Turecek Peter L, Abbühl Brigitt, Tangada Srilatha D, Chapman Miranda, Gritsch Herbert, Rottensteiner Hanspeter, Schrenk Gerald, Mitterer Artur, Dietrich Barbara, Höllriegl Werner, Schiviz Alexandra, Horling Frank, Reipert Birgit M, Muchitsch Eva-Maria, Pavlova Borislava G, Scheiflinger Friedrich
Baxter Innovations GmbH, Vienna, Austria.
Expert Rev Clin Pharmacol. 2015 Mar;8(2):163-77. doi: 10.1586/17512433.2015.1011126. Epub 2015 Feb 8.
Nonacog gamma is a new recombinant factor IX to treat factor IX deficiency. It is indicated for control of bleeding episodes, perioperative management and routine prophylaxis to prevent or reduce the frequency of bleeding episodes in adults and children with hemophilia B. Nonacog gamma was first approved in the USA in June 2013 under the trade name RIXUBIS followed by market approvals in Australia and the EU in 2014, and marketing authorization decision is pending in Japan. Nonacog gamma is derived from a recombinant Chinese hamster ovary cell line using a state of the art biotechnological manufacturing process. Recombinant factor IX is produced by Baxter's protein-free fermentation technology, which was first developed for ADVATE. The product is purified and formulated in the absence of any human or animal-derived protein. Nonacog gamma was characterized both in comprehensive in vitro and in vivo non-clinical studies as well as in an extensive clinical trial program.

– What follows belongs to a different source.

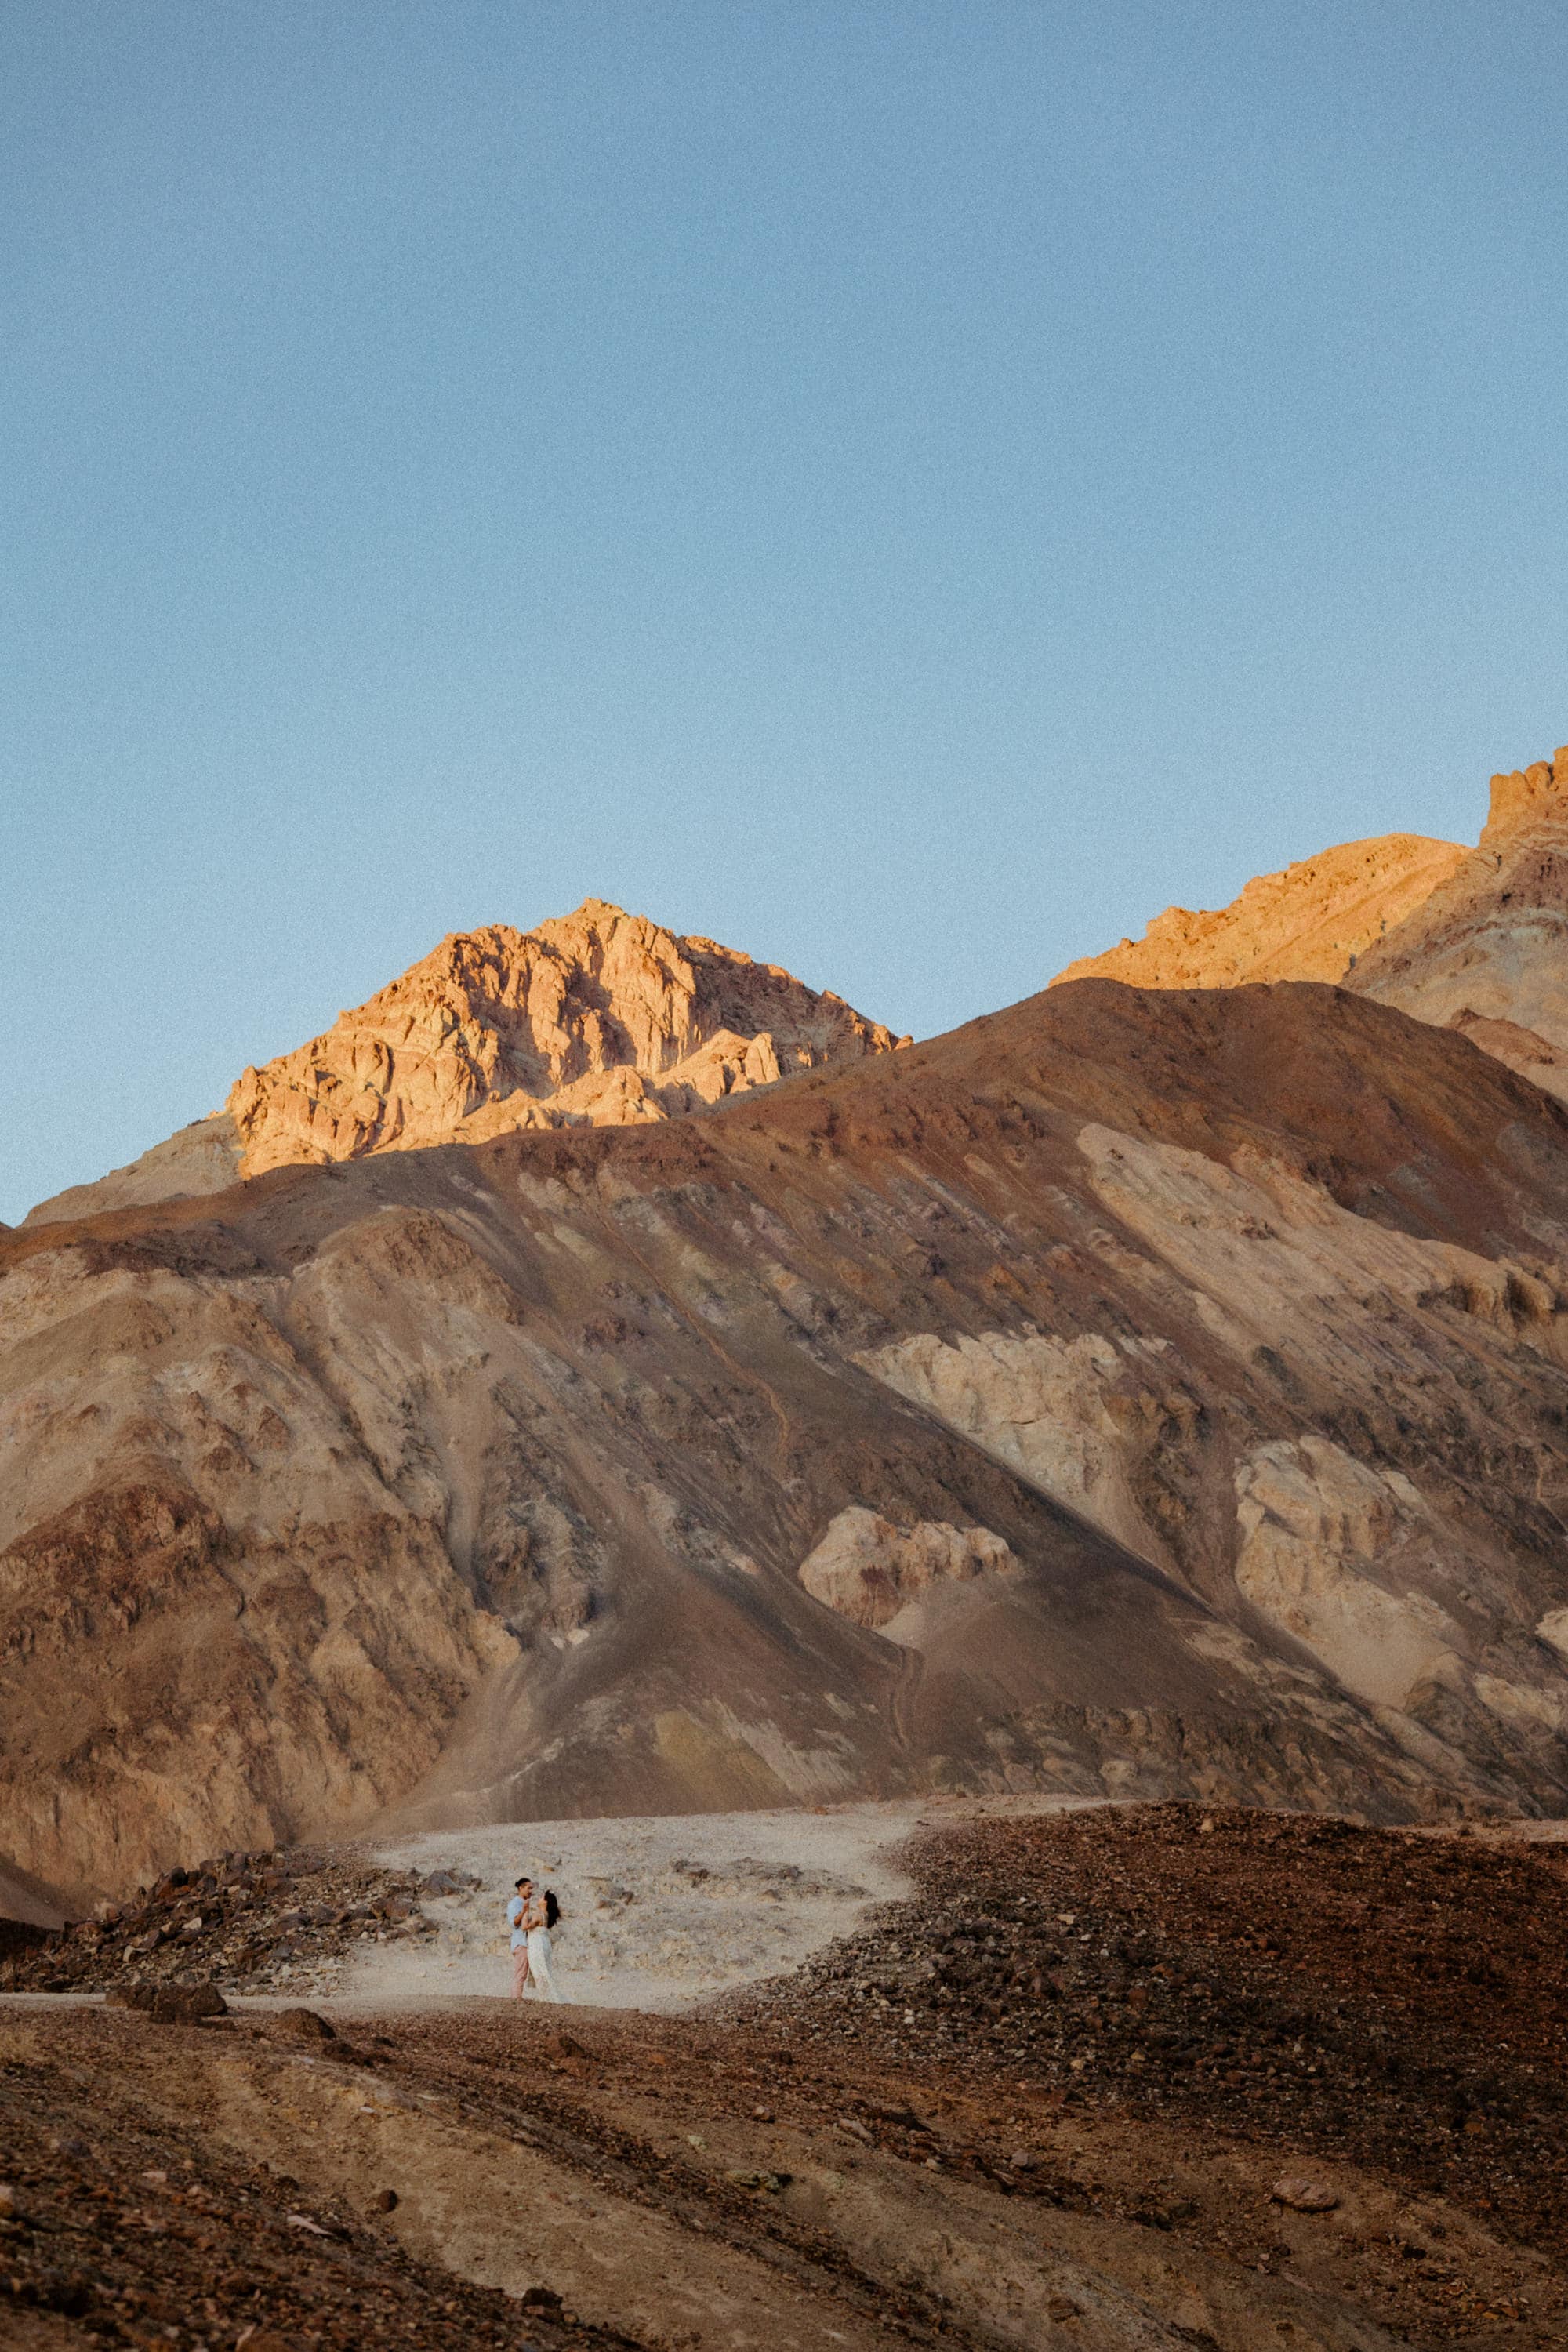 Adventurous spirits venturing into the mesmerizing canyons of Death Valley National Park.

诺那凝血素γ是一种用于治疗IX因子缺乏症的新型重组IX因子。它适用于控制出血发作、围手术期管理以及进行常规预防,以防止或减少B型血友病成人和儿童出血发作的频率。诺那凝血素γ于2013年6月在美国首次获批,商品名为瑞舒比(RIXUBIS),随后于2014年在澳大利亚和欧盟获得市场批准,目前在日本的上市许可决定正在审批中。诺那凝血素γ源自一株重组中国仓鼠卵巢细胞系,采用了先进的生物技术制造工艺。重组IX因子由百特公司的无蛋白发酵技术生产,该技术最初是为阿地凝血素(ADVATE)开发的。该产品在无任何人类或动物源蛋白的情况下进行纯化和配制。诺那凝血素γ在全面的体外和体内非临床研究以及广泛的临床试验项目中均有特性描述。